Illustrates the high-level workflow of an open scheduler, from client job submission to resource reservation, instance provisioning, and status updates acr
sequenceDiagram
participant Client
participant ControlPlane
participant Scheduler
participant DB
participant NodeAgent
participant LocalQueue
participant ProviderDriver
participant Provider
Client->>ControlPlane: SubmitJob(jobSpec)
ControlPlane->>DB: INSERT job status = Pending
ControlPlane->>Scheduler: notify pending job
Scheduler->>DB: SELECT nodes snapshot
Scheduler->>DB: BEGIN TX and reserve node resources
Scheduler->>DB: UPDATE job.assigned_node and set job.status = Reserved
Scheduler->>DB: CREATE binding record with status = Reserved
Note right of Scheduler: generate stable idempotency_token (e.g. job-123-order-1)

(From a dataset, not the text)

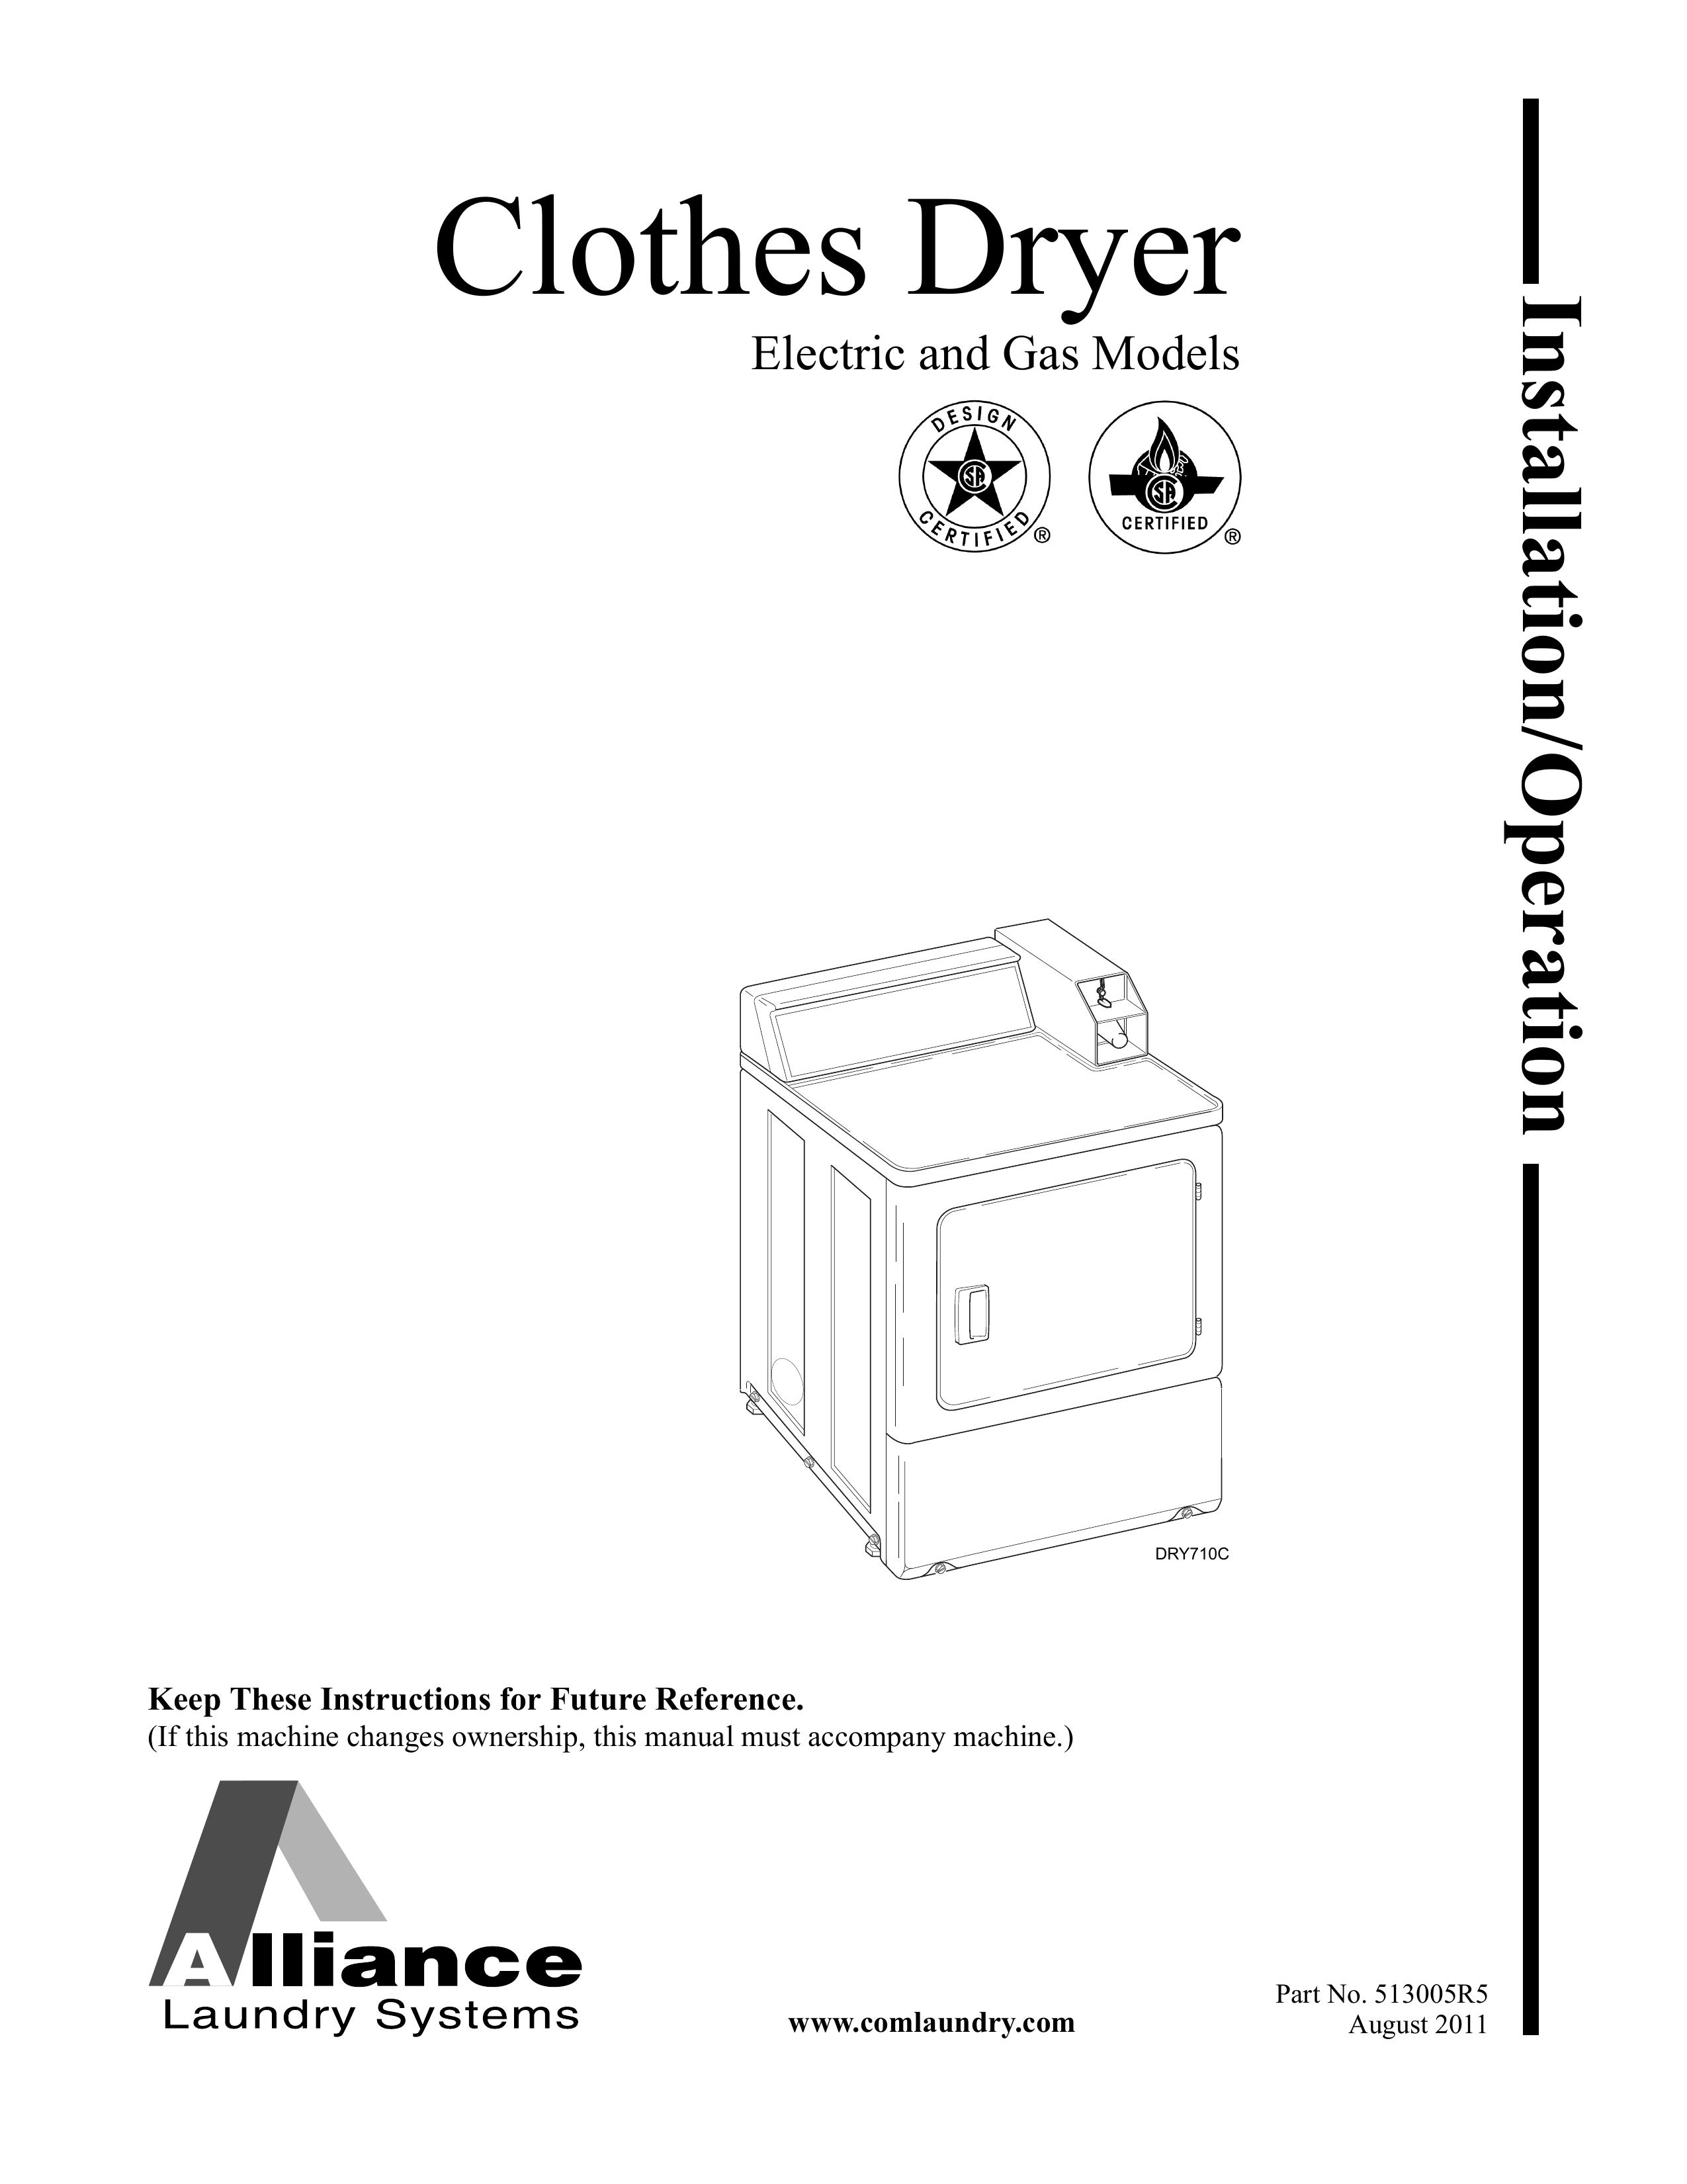 Alliance Laundry Systems DRY710C Clothes Dryer User Manual

Scheduler->>NodeAgent: Order(order_id, job_id, idempotency_token, spec)
NodeAgent->>LocalQueue: enqueue Order (persist token)

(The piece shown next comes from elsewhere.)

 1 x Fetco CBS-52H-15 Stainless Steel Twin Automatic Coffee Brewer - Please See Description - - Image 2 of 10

LocalQueue->>ProviderDriver: dequeue -> CHECK existing instance by idempotency_token
alt existing instance found
ProviderDriver-->>LocalQueue: return existing_instance_id
else no existing instance
ProviderDriver->>Provider: POST /1.0/instances (include metadata idempotency_token)
Provider->>ProviderDriver: returns operation_id
ProviderDriver->>LocalQueue: persist mapping op_id <-> order_id
LocalQueue->>ProviderDriver: poll /1.0/operations/op_id until done
Provider->>ProviderDriver: operation done (success + instance_name)
ProviderDriver-->>LocalQueue: return created_instance_id
end
LocalQueue->>NodeAgent: OrderStatus(order_id, job_id, instance_id, state = Created)
NodeAgent->>ControlPlane: OrderStatus (via NodeStream)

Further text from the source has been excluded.